How to Determine Current and Tension in Parallel Wires with Repelling Forces

[AznBoi]

Homework Statement

Two long parallel wires, each with a mass per unit length of 40g/m, are supported in a horizontal plane by 6 cm long strings, as shown in the figure below. Each wire carries the same current I, causing the wires to repel each other so that the angle (theta) between the supporting strings is 16 degrees.
a) Are the currents in the same or opposite direction?
b) Determine the magnitude of each current

Figure:

Homework Equations

$$\Sigma F=ma$$

$$B= \frac{\mu_{0}I}{2\pi r}}$$

$$F_{b}=BIl$$

The Attempt at a Solution

For a) I know that the current must be in the opposite direction.

For b) I drew a Free Body Diagram first and found that [tex] T_{x}=F_{B} [tex] and these are the same for both wires.

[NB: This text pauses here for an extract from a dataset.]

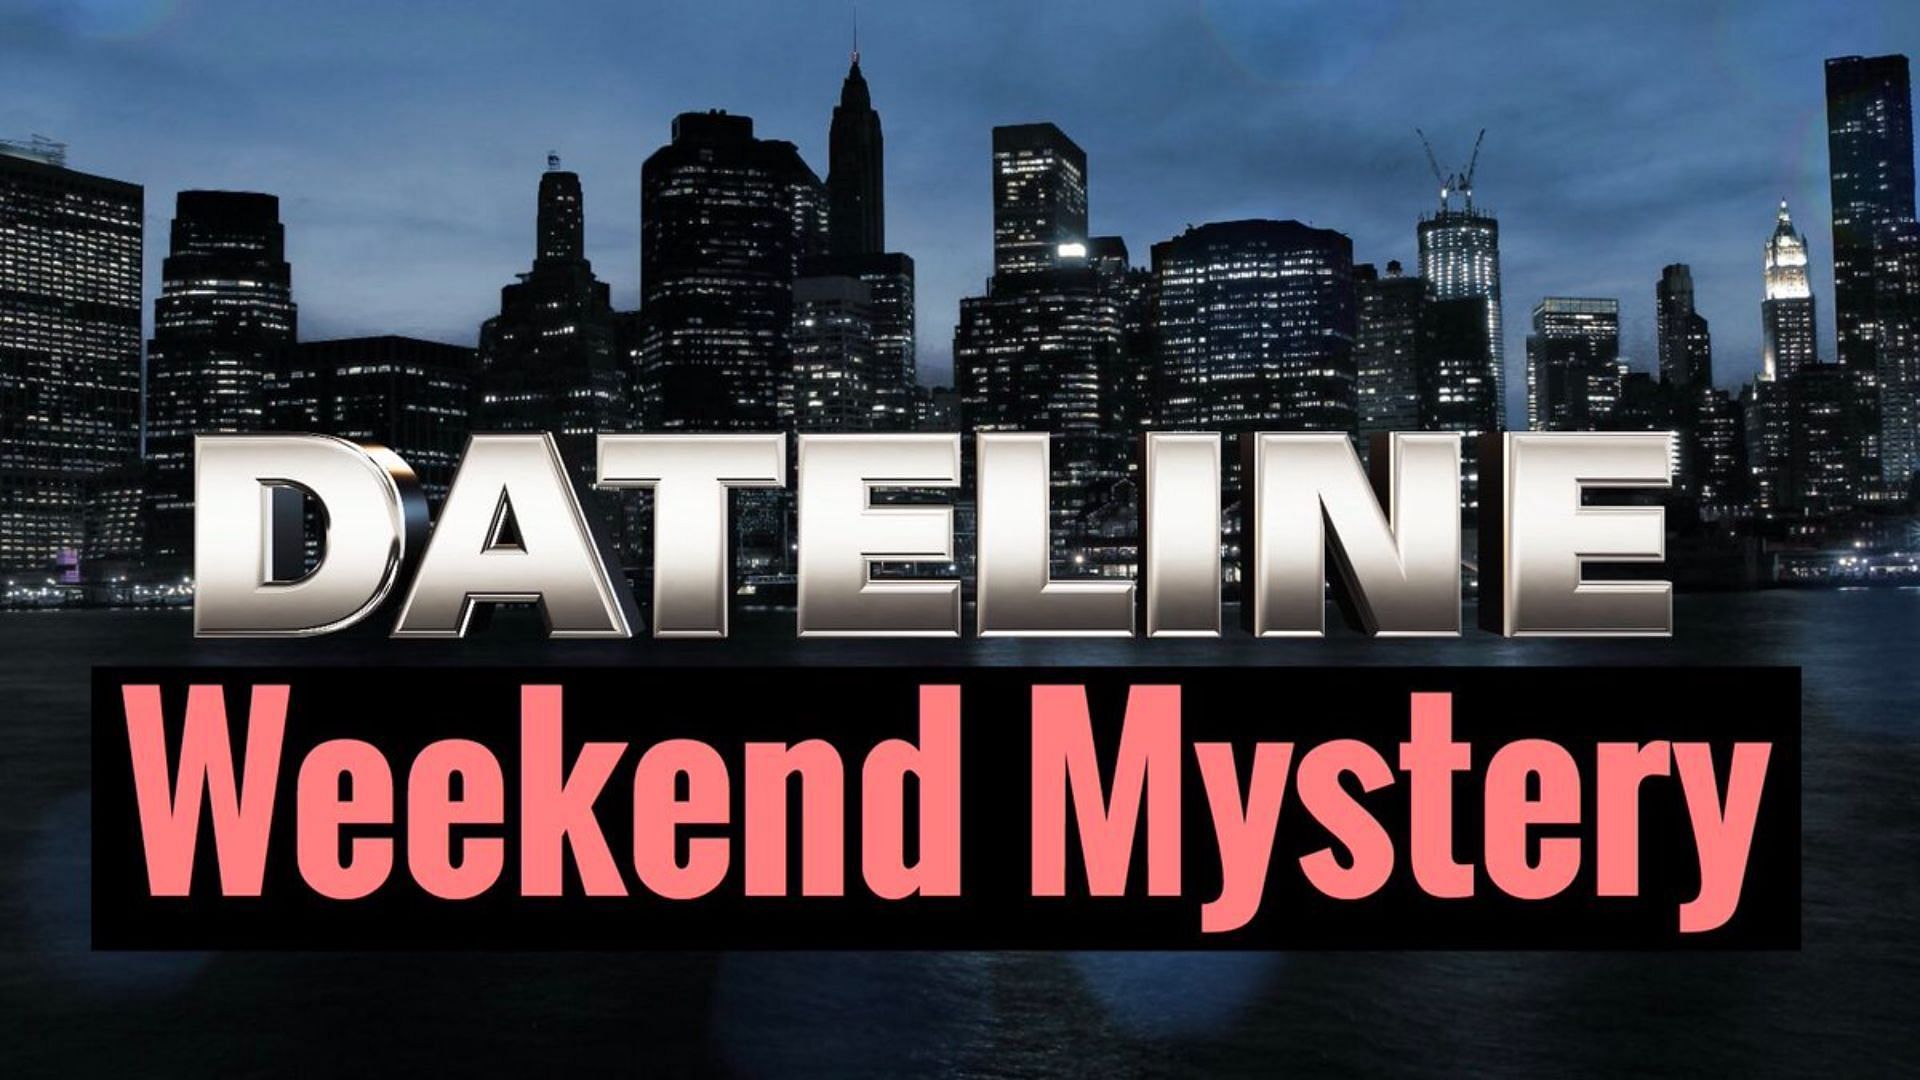 Dateline Weekend Mystery: Deadly Exchange will premiere on 7 May 2022, 7/8c on NBC (Image via nbcnews.com)

However, how do you find the tension if they don't specify the exact weight of each wire? They do tell you that each of the wires have "a mass per unit length of 40g/m" but how do you convert that to weight if you don't know how long the wires are? Thanks!

 

[marcusl]

Since you know the force per unit length, all you need is mass per unit length to solve the problem.

 

[AznBoi]

Since you know the force per unit length, all you need is mass per unit length to solve the problem.

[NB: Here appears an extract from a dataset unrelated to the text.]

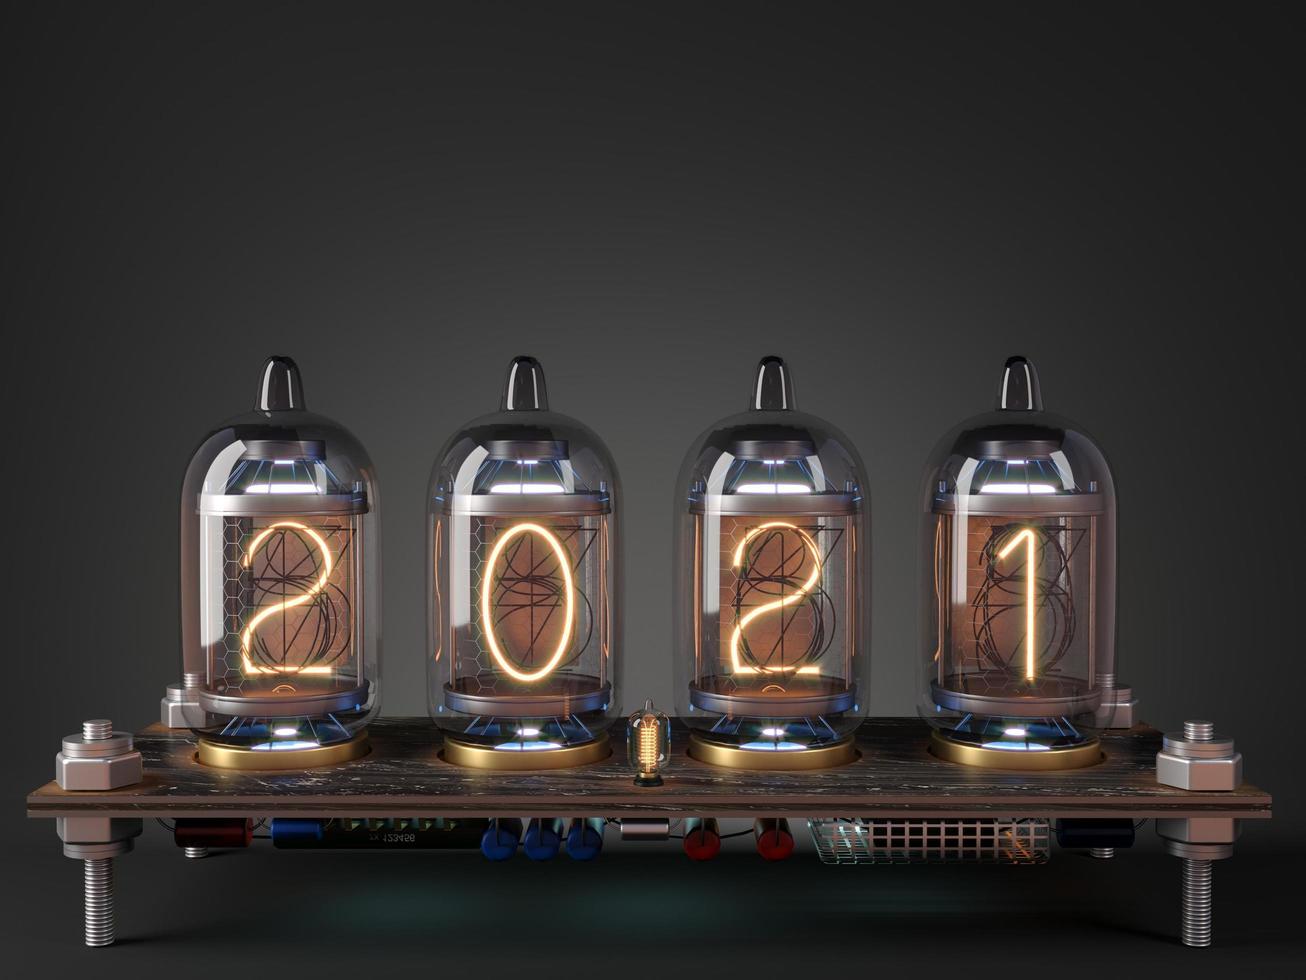 Tube processor calendar and date 2021 new year photo

Can you elaborate on that please? I still don't get how to solve part b) =/

 

[marcusl]

You don't need the total weight of the wires because you can do the whole problem in terms of unit lengths. You know the mass per unit length so you also know the weight (force downwards due to gravity) per unit length. Since the angle is given, you therefore know the component of force per unit length directed between the wires that exactly balances the magnetic force per unit length.

The magnetic force per unit length depends on the current according to the equation you gave,
$$F_{b}/l=BI$$.
Eliminate B with your equation for B as a function of I, and solve for I.